RFC 40: Improving performance of Raster Attribute Table implementation for large tables
Raster Attrbute Tables from some applications (notably segmentation) can be very large and are slow to access with the current API due to the way only one element can get read or written at a time. Also, when an attribute table is requested by the application the whole table must be read - there is no way of delaying this so just the required subset is read off disk. These changes will bring the attribute table support more in line with the way raster data is accessed.
It is proposed that GDALRasterAttributeTable be re-written as a virtual base class. This will allow drivers to have their own implementation that only reads and writes data when requested. A new derived class, GDALDefaultRasterAttributeTable will be provided that provides the functionality of the GDAL 1.x GDALRasterAttributeTable (ie holds all data in memory).
Additional methods will be provided in the GDALRasterAttributeTable class that allow 'chunks' of data from a column to be read/written in one call. As with the GetValueAs functions columns of different types would be able to read as a value of a different type (i.e., read a int column as a double) with the appropriate conversion taking place. The following overloaded methods will be available:
CPLErr ValuesIO(GDALRWFlag eRWFlag, int iField, int iStartRow, int iLength, double *pdfData); CPLErr ValuesIO(GDALRWFlag eRWFlag, int iField, int iStartRow, int iLength, int *pnData); CPLErr ValuesIO(GDALRWFlag eRWFlag, int iField, int iStartRow, int iLength, char **papszStrList);
It is expected that the application will allocate the required space for reading in the same way as with the RasterIO() call.

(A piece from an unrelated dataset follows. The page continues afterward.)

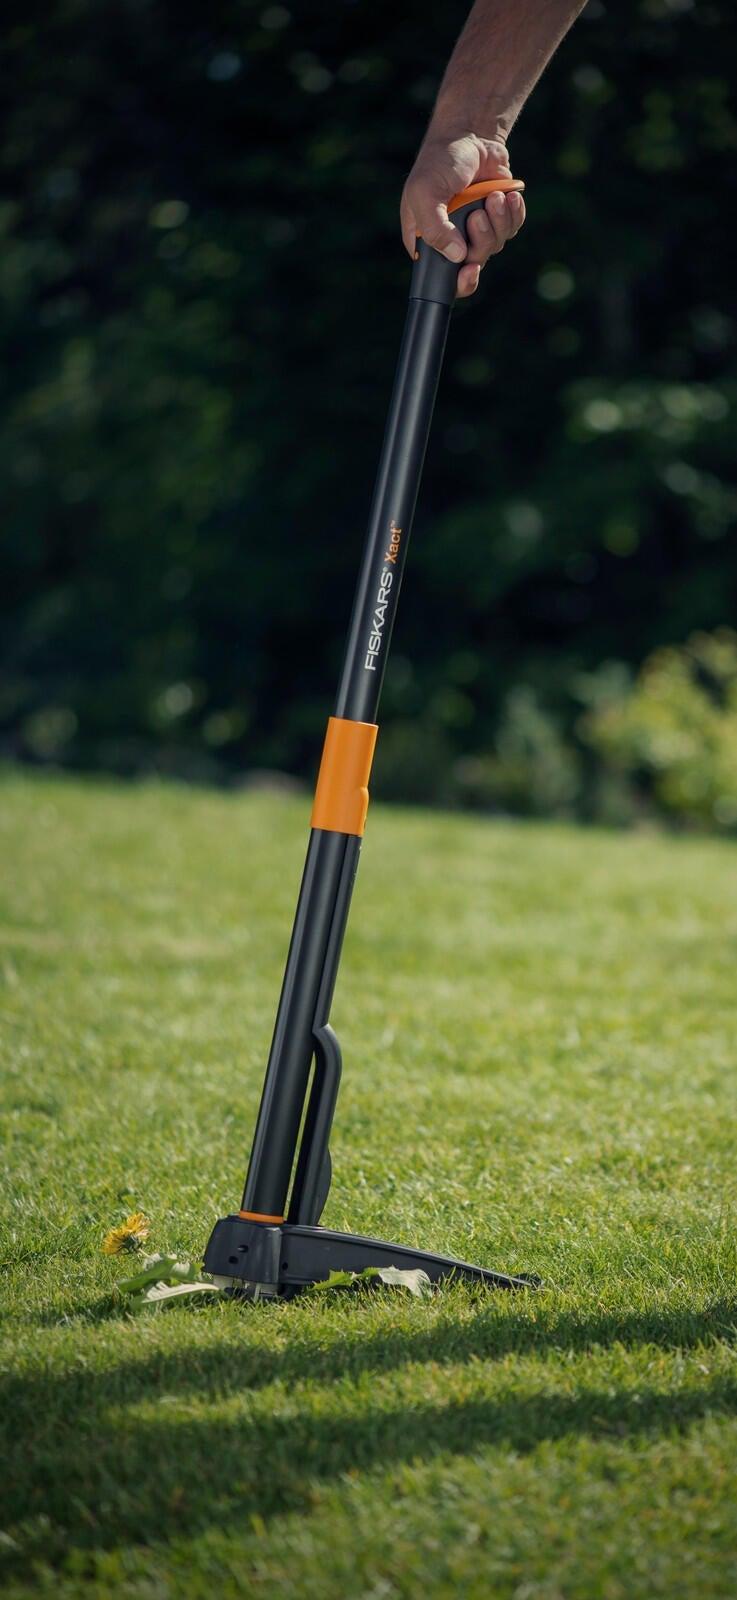 Estirpatore FISKARS manico in fibra di vetro L 0.998 m - 5
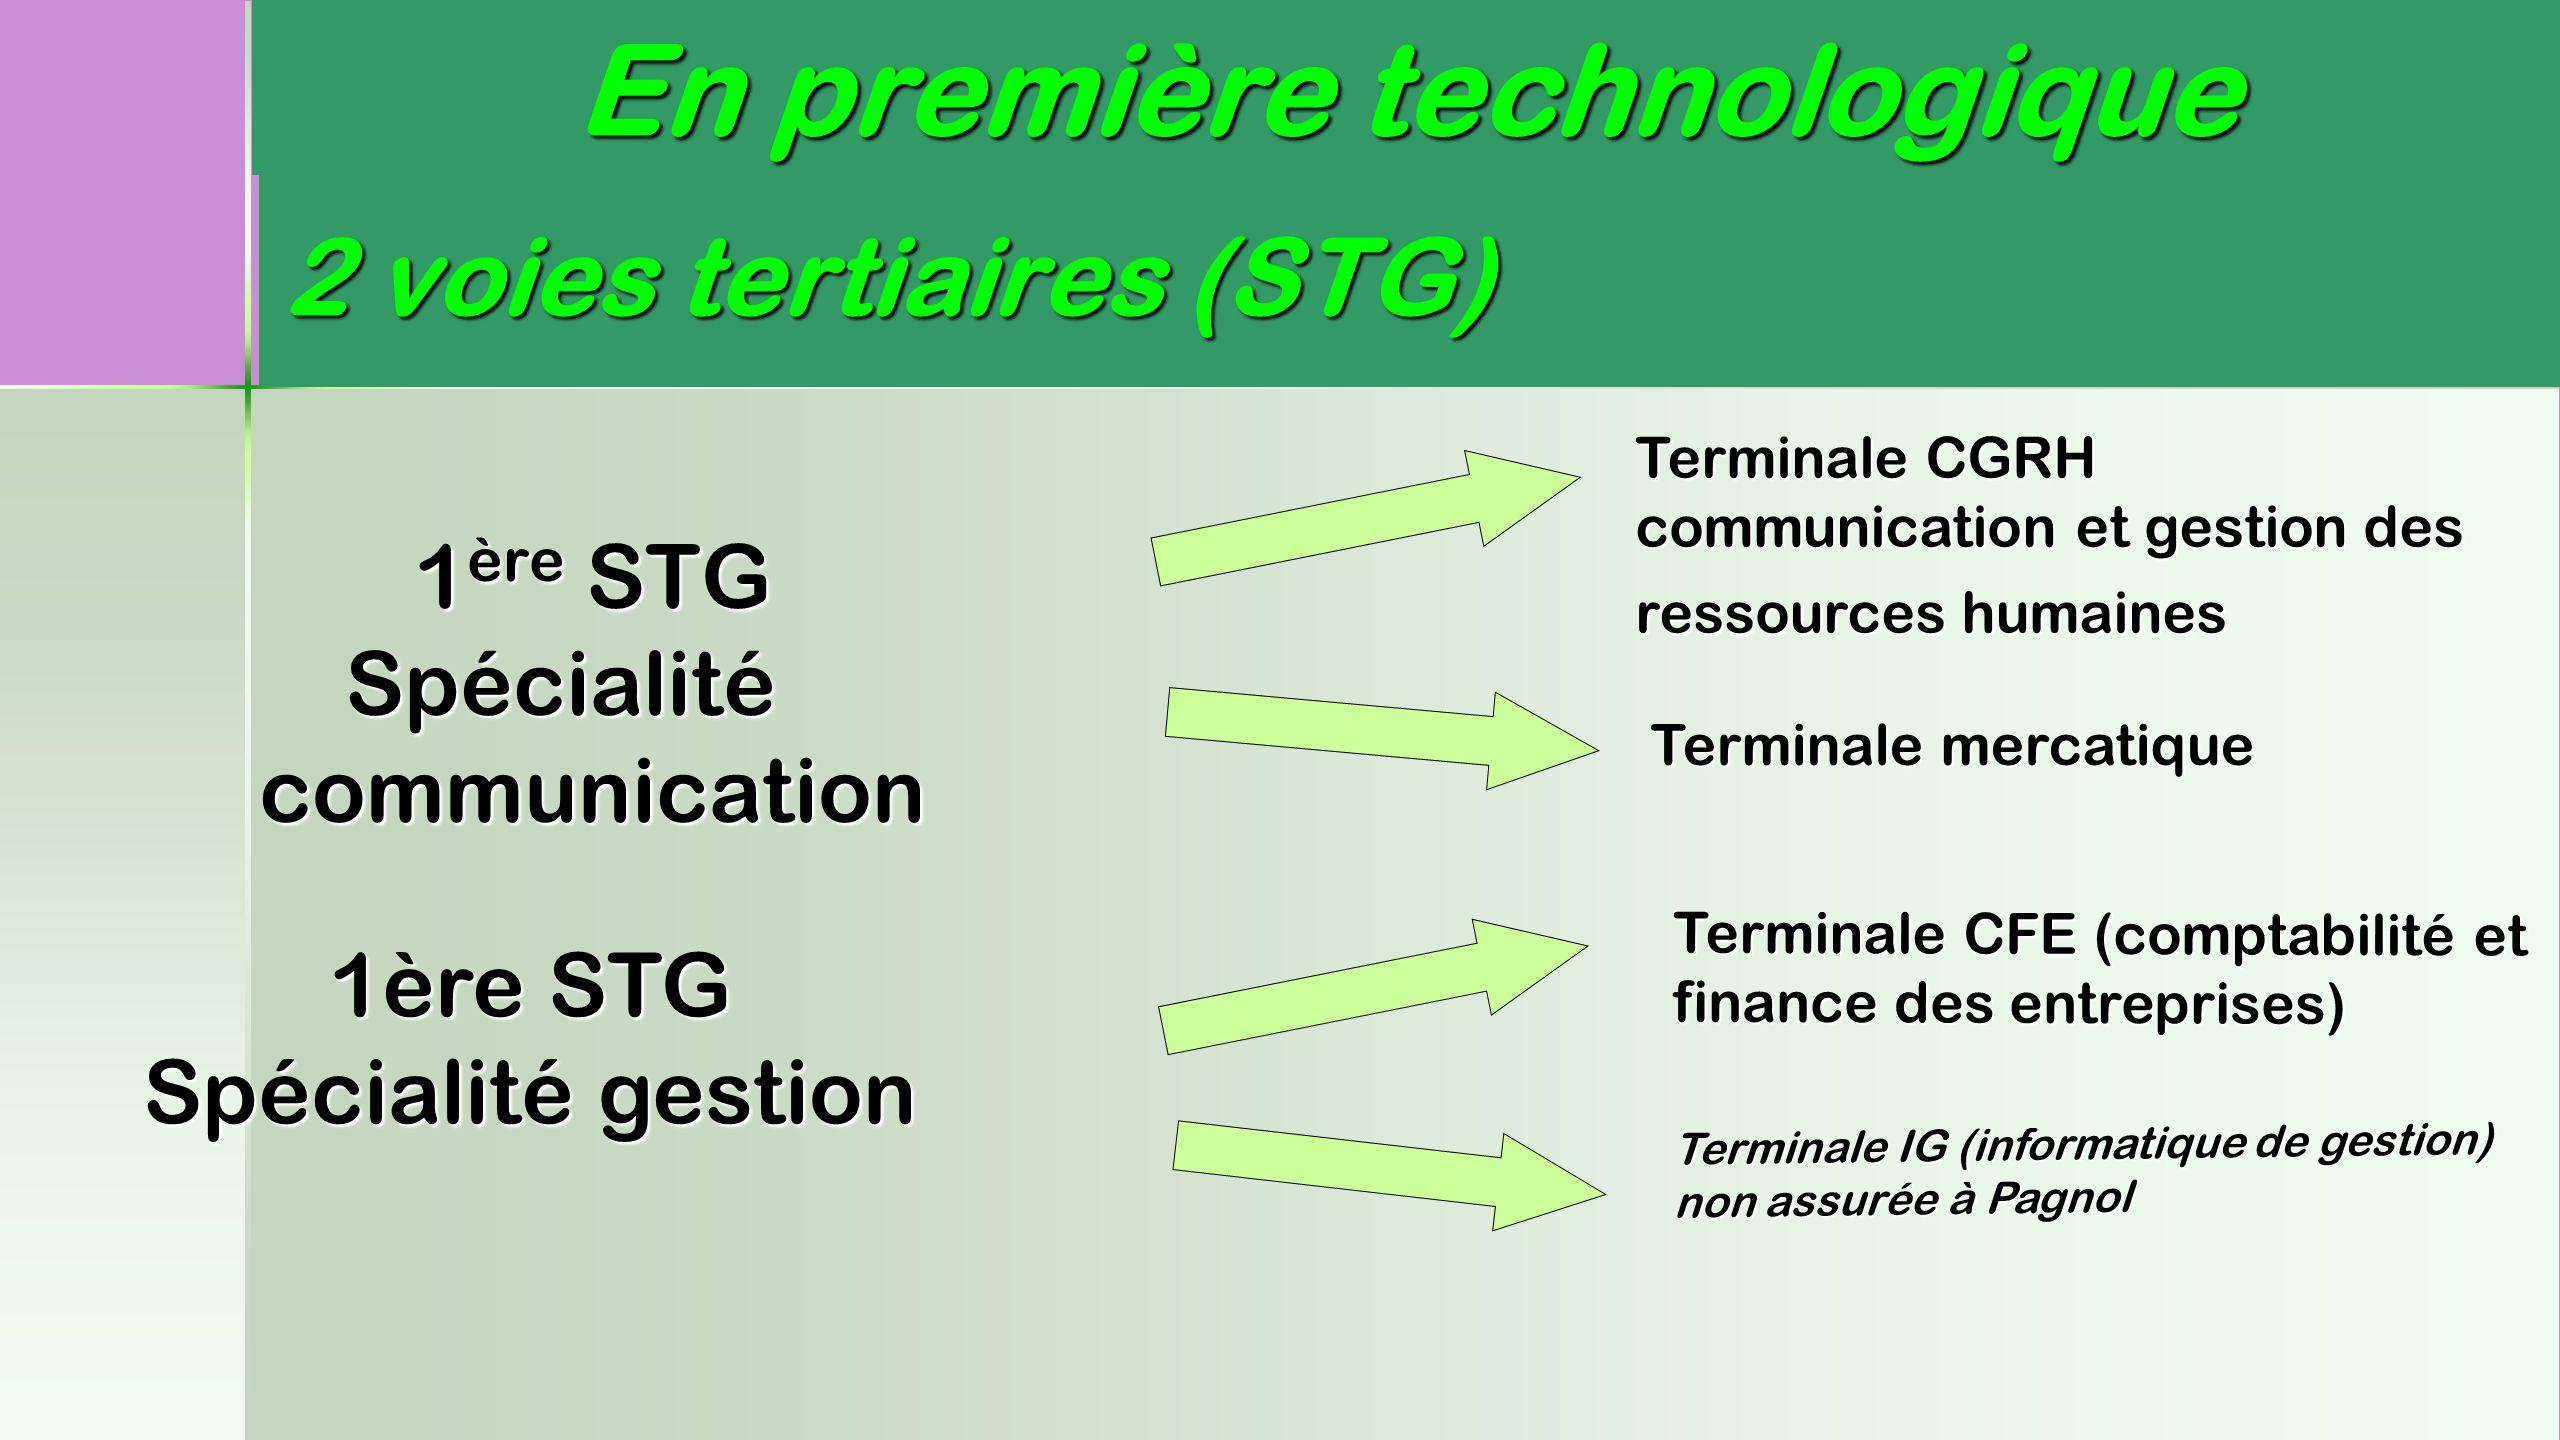 2 voies tertiaires (STG) 1 ère STG Spécialité communication Spécialité communication Terminale CGRH communication et gestion des ressources humaines T

The char** type will be used for reading and writing strings. When reading strings, it is expected that the array is created of the correct size and ValuesIO will just create the individual strings for each row. The application should call CPLFree on each of the strings before de-allocating the array.
These methods will be available from C as GDALRATValuesIOAsDouble, GDALRATValuesIOAsInteger and GDALRATValuesIOAsString.
This is also an opportunity to remove unused functions on the attribute table such as GetRowMin(), GetRowMax() and GetColorOfValue().
The Python bindings will be altered so ValuesIO will be supported using numpy arrays for the data with casting of types as appropriate. Strings will be supported using the numpy support for string arrays.
The proposed additions will extend the C API. However, the C++ binary interface will be broken and so GDAL 2.0 is suggested as an appropriate time to introduce the changes.
Care will be taken to still support the use of Clone() and Serialize() in derived implementations of the GDALRasterAttributeTable class as these are called by existing code. For implementations where the table is not held in memory these may fail if the table is larger than some suitable limit (for example, GetRowCount() * GetColCount() < 1 000 000). Clone() should return a instance of GDALDefaultRasterAttributeTable to prevent problems with sharing memory between objects.
Existing code may need to be altered to use create instances of GDALDefaultRasterAttributeTable rather than GDALRasterAttributeTable if an in memory implementation is still required.
Impact on Drivers
The HFA driver will be updated to support all aspects of the new interface, such as the new functions and reading/writing upon request. Other drivers will be modified to continue to use the in memory implementation (GDALDefaultRasterAttributeTable).
The Python autotest suite will be extended to test the new API, both for the default implementation and specialised implementation in the HFA driver.
We (Sam Gillingham and Pete Bunting) are prepared undertake the work required and have it ready for inclusion in GDAL 1.11 There needs to be a discussion on the names of the methods and on the internal logic of the methods.
Ticket #5129 has been opened to track the progress of this RFC.